Hemipenthes webberi

Scientific classification
- Domain: Eukaryota
- Kingdom: Animalia
- Phylum: Arthropoda
- Class: Insecta
- Order: Diptera
- Family: Bombyliidae
- Tribe: Villini
- Genus: Hemipenthes
- Species: H. webberi
- Binomial name: Hemipenthes webberi (Johnson, 1919)
- Synonyms: Villa webberi Johnson, 1919 ;

= Hemipenthes webberi =

- Genus: Hemipenthes
- Species: webberi
- Authority: (Johnson, 1919)

Species of fly

Hemipenthes webberi is a species of bee flies in the family Bombyliidae.

==Description==
H. webberi measures 6-10 mm in length. They have a dark coloured abdomen, thorax, and head, with yellowish flecks on the head and thorax.

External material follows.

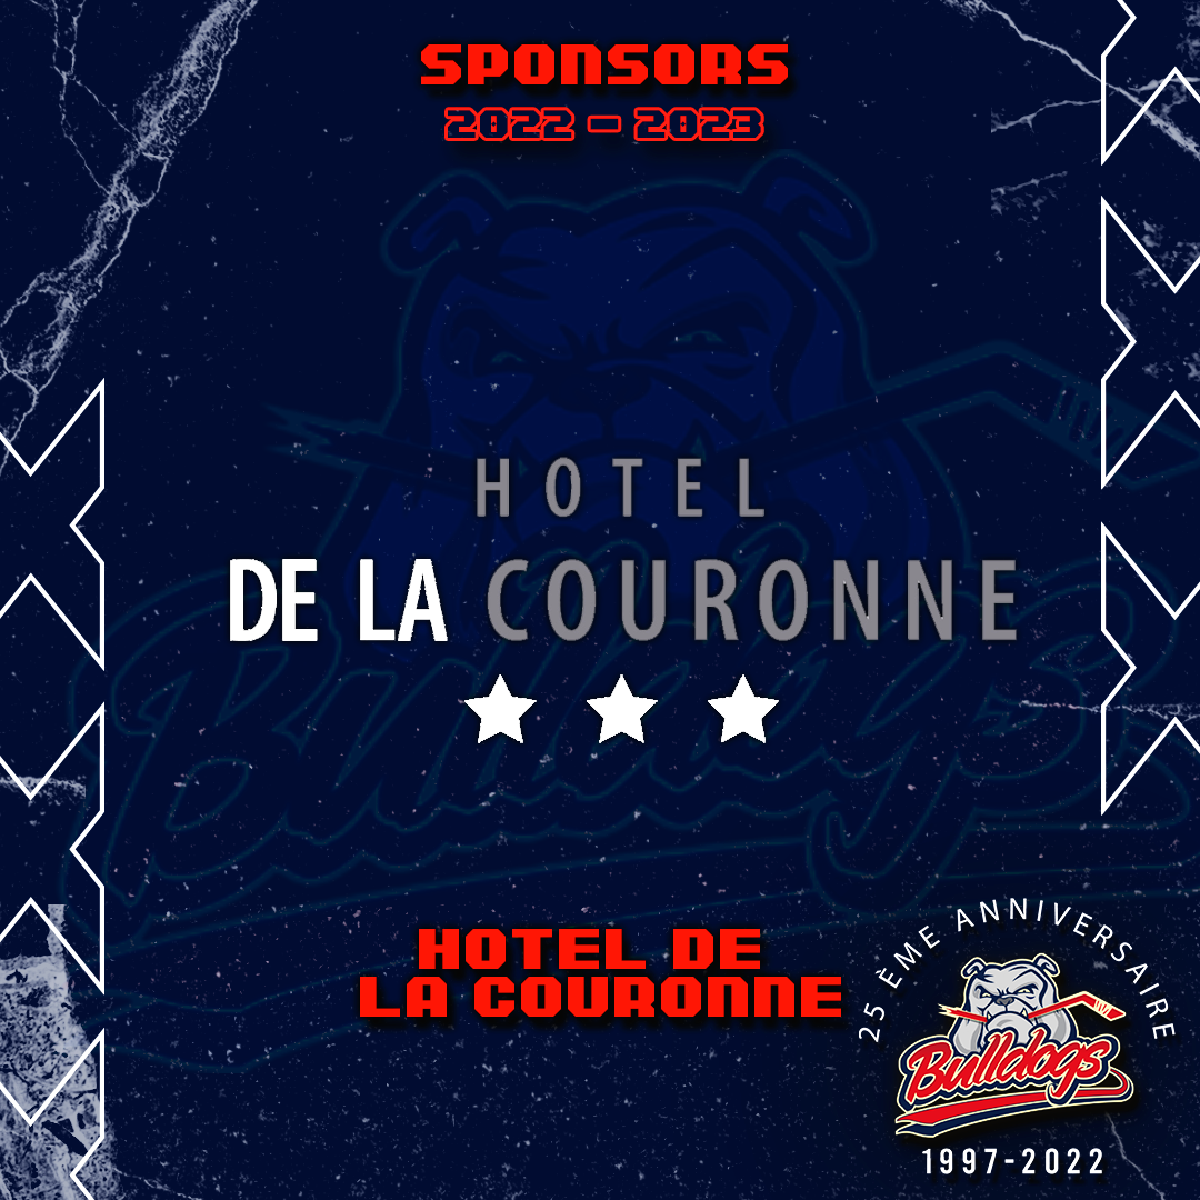 NEWS - HOTEL DE LA COURONNE - SPONSOR DES BULLDOGS DE LIEGE POUR LA SAISON 2022-2023

A few white hairs are present at the edges of the thorax. The antennae are black. The legs are black, except at the tibiae, which are yellow.

===Holotype===
The holotype, named as Villa webberi by Johnson, 1919, is a male found at Massachusetts. It is in the Museum of Comparative Zoology.

==Biology and lifecycle==
Known larval hosts for Hemipenthes include both Lepidoptera and diprionid sawflies and the tachinid flies and ichneumonoid wasps parasitizing them. Adults fly in June and July.